Nul comme métaphysicien, moyen comme analyste politique quand l’analyse ne dépendait pas de la théorie économique, et méconnaissant apparemment que le christianisme, en tant que norme, interdit la violence.
Or, si on part de l’idée comme quoi “les religions” inspirent des actes, ça n’a absolument aucun sens de mettre dans le même sac toutes les “religions” sans se soucier de ce qu’elles professent ou ne professent pas.

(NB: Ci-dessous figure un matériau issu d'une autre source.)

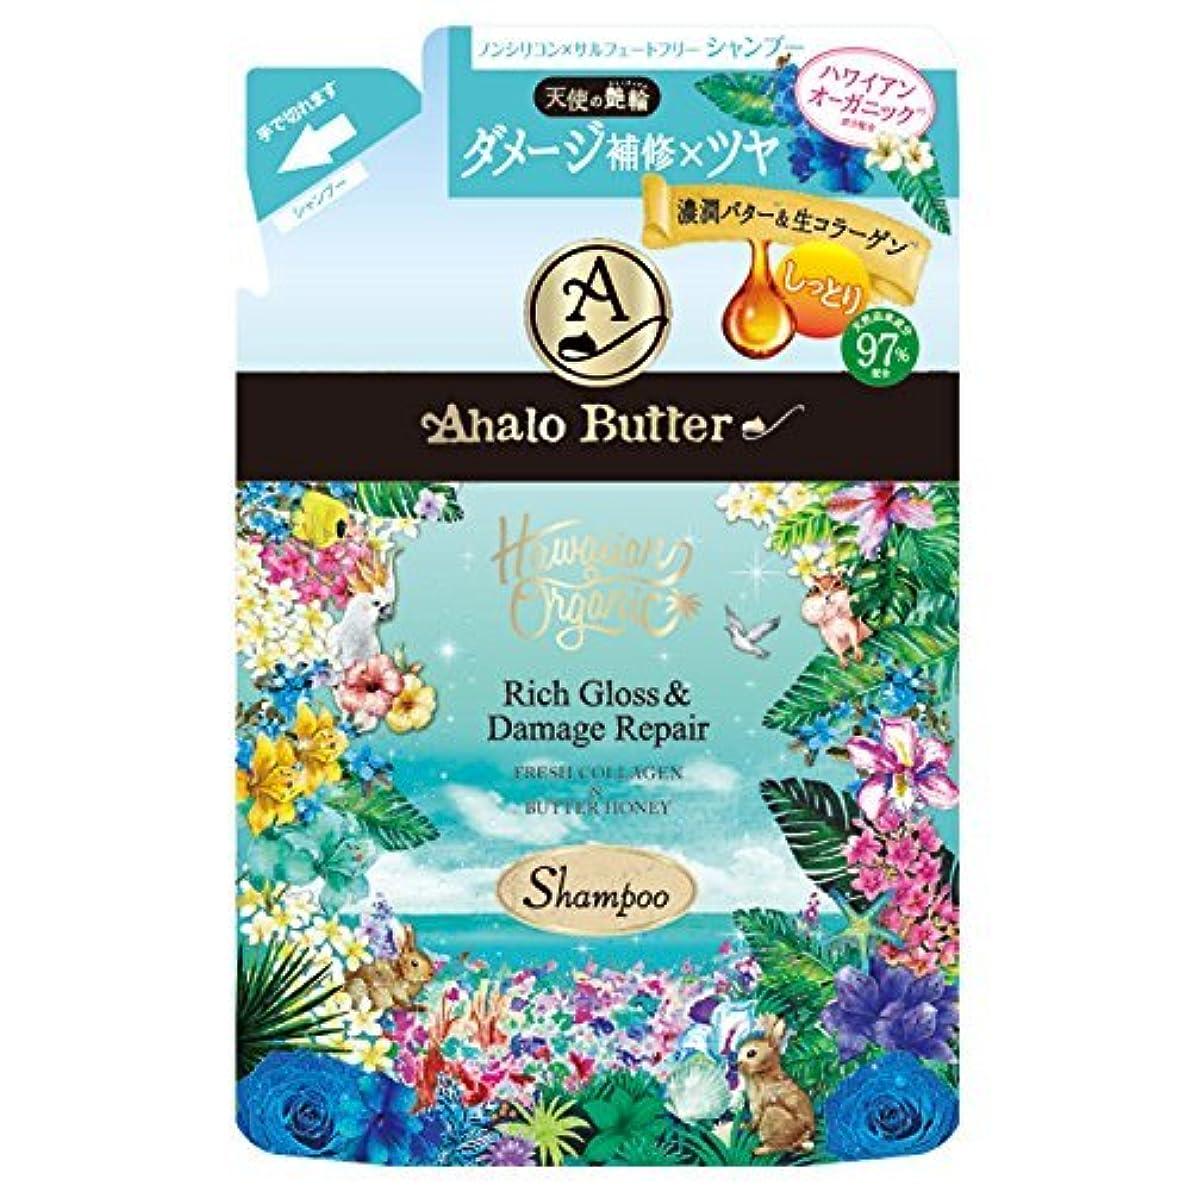 コンテスト続けるバリアAhalo butter(アハロバター) ハワイアンオーガニック リッチグロス&ダメージリペア モイストシャンプー / 詰め替え / 400ml

C’est pour cela que la “Fable des abeilles” n’est qu’un tissu d’absurdités, bâti sur une fiction mensongère : bien au contraire de ce que prétendait Mandeville, c’est de l’honnêteté que naît la prospérité, et du crime la décadence ; il faut se méprendre sur ce que c’est que la morale — la confondre avec le sacrifice de ses intérêts — pour prendre au sérieux sa thèse.
Philippe Simonnot n’envisage pas un instant que les terroristes du 11 septembre aient pu avoir l’aide d’un état, alors qu’il est impensable qu’un état n’ait pas été mêlé à cela.
Quand au stock d’armes chimiques de Saddam, il a bel et bien eu tout le temps de les escamoter, ce qu’il a fait avec l’appui de ceux qui les lui avaient livrées, à savoir les Russes.
Le seul mensonge des Américains tient à ce que, l’ayant vu, ils ont préféré ne pas le dire :
à la fois pour ne pas se priver d’un motif ostensible de Droit international pour l’attaquer,
et pour ne pas se fâcher avec le pouvoir moscovite.
La décadence de l’Islam est ce qui a permis le colonialisme, elle n’en est pas la conséquence.
La doctrine politique de l’Islam, si elle ne justifie pas la redistribution politique, nie les Droits de non-musulmans, et certains Droits des musulmans. Le commerce ne s’est développé dans les pays musulmans qu’à cause de leur position centrale entre l’Orient et l’Occident ; les entraves qu’ils y ont mises ont été telles qu’elles ont inspiré la recherche d’un autre chemin : c’est cela qui a fait partir les Grands explorateurs.
En tout, une conférence pour rien, sauf pour ceux qui voulaient un aperçu sur les limites de la vision du monde de Philippe Simonnot.